PDTS KBS Kantongi Izin LK, Wali Kota Surabaya: Satwa Harus Dicarikan Pasangan

Surabaya, koranmemo.com – Perusahaan Daerah Taman Satwa Kebun Binatang Surabaya (PDTS KBS) resmi mengantongi izin lembaga konservasi (LK) dari Kementerian Lingkungan Hidup dan Kehutanan Republik Indonesia.

Izin Lembaga Konservasi tersebut tertuang dalam surat Keputusan (SK) Menteri Lingkungan Hidup dan Kehutanan nomor SK.340/Menlhk/Setjen/KSA.2/5/2019 dan diserahkan oleh Direktorat Jenderal (Dirjen) Konservasi Sumber Daya Alam dan Ekosistem (KSDA) Kementerian Lingkungan Hidup dan Kehutanan, Wiratno yang diterima langsung oleh Wali Kota Surabaya, Tri Rismaharini berada di rumah dinas kediaman Wali Kota, Jalan Sedap Malam Surabaya, hingga dilanjutkan dengan buka puasa bersama para awak media, Jum’at (17/5), malam.

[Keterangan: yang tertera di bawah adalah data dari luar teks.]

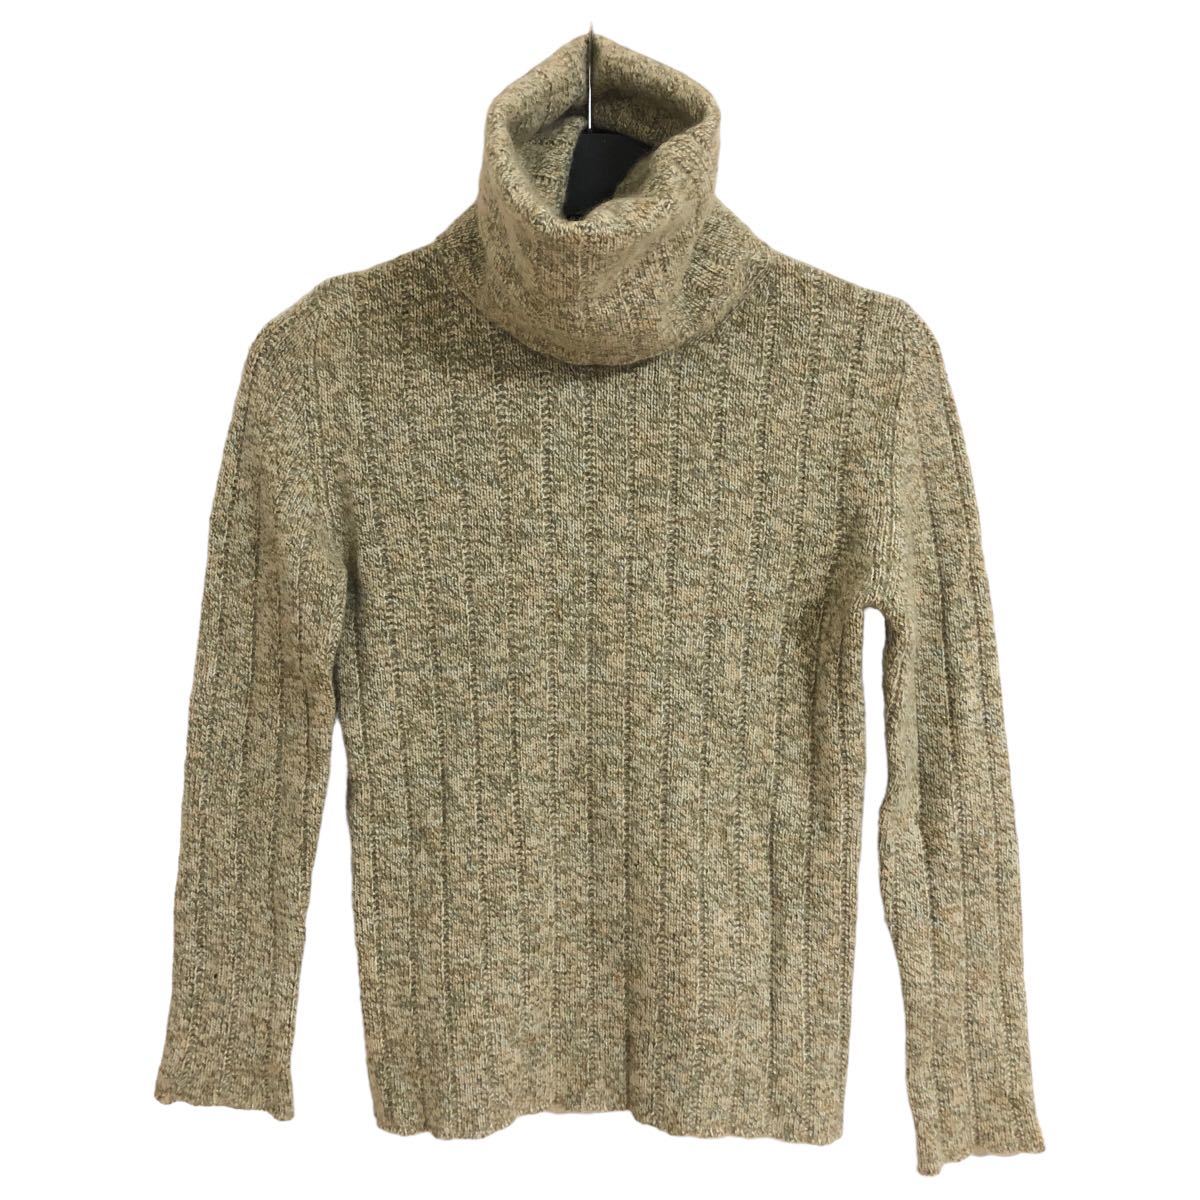 CHANEL Chanel high‐necked sweater cashmere 100% P09130V0036 #38 green series

Wiratno menyampaikan hal itu merupakan momen bersejarah bagi PDTS KBS apalagi, Kebun Binatang Surabaya (KBS) ini merupakan salah satu ikon yang sangat dibanggakan oleh masyarakat Kota Surabaya dan sekitarnya.

“Jadi begini saya asli orang Tulungagung, dan dulu waktu masa kecil kalau liburan selalu ke KBS, karena menjadi ikon Surabaya,” ujarnya.

Disampaikan, pemegang Izin Lembaga Konservasi berhak memperoleh koleksi jenis tumbuhan atau satwa liar sesuai ketentuan peraturan perundang-undangan. Dan memanfaatkan hasil pengembangbiakan tumbuhan atau satwa liar sesuai ketentuan peraturan perundang-undangan.

Serta selain itu lanjutnya, bisa bekerjasama dengan lembaga konservasi lain di dalam maupun di luar negeri antara lain untuk pengembangan ilmu pengetahuan, tukar menukar jenis tumbuhan dan satwa liar, peragaan dan peminjaman satwa liar dilindungi ke luar negeri untuk kepentingan pengembangbiakan sesuai ketentuan peraturan perundang-undangan dan juga hak-hak lainnya.

“Jadi maka setelah ini bisa mengelola satwa, bisa tukar menukar satwa. Kewajibannya yaitu menyejahterakan satwa. Misal burung, dari segi perawatan kandang harus cukup sehingga bisa terbang. Keputusan izin ini ditandatangani langsung oleh Menteri Lingkungan Hidup dan Kehutanan RI Ibu Siti Nurbaya pada 14 Mei 2019 lalu,” terang Wiratno.

Disisi lain, pihaknya berharap setelah ini unsur pendidikan di KBS bisa lebih bagus lagi. Bahkan, apalagi satwa di KBS banyak yang berasal dari hampir seluruh Indonesia.

“KBS sendiri kan punya sebanyak 146 Komodo, sehingga potensi pengelolaan Komodo ke depannya bisa menjadi kebanggan nasional, karena tukar menukar Komodo harus mendapat izin dari Presiden RI,” imbuh Wiratno.

Sementara Tri Rismaharini Wali Kota Surabaya menuturkan setelah mendapatkan izin maka, KBS bisa lebih fleksibel dalam mengelola, baik dari penggunaan uang, dan pembangunan, serta yang terutama untuk kesejahteraan satwa.

“Jadi begini Kemarinnya itu saya agak takut, kita bertandang cek ke Kebun Bintang Surabaya (KBS) mau untuk perbaiki kandang saja ada semacam yang menakut-nakuti dan sekarang dengan izin konservasi maka tidak ada alasan lagi bagi PDTS KBS untuk tidak melakukan perbaikan kualitas menjadi lebih baik lagi,” bebernya.

Dikatakan untuk yang paling utama harus dilakukan perbaikan setelah ini adalah kandang-kandang satwa. Bahkan, saya berharap satwa yang sendirian seperti, Zebra dan Singa harus dicarikan pasangan.

“Nanti itu dari kesejahteraan binatang akan lebih baik karena PDTS KBS bisa menjalankan berbagai program dengan maksimal dan bisa membuat lingkungan sekitar agar lebih baik,” tegasnya.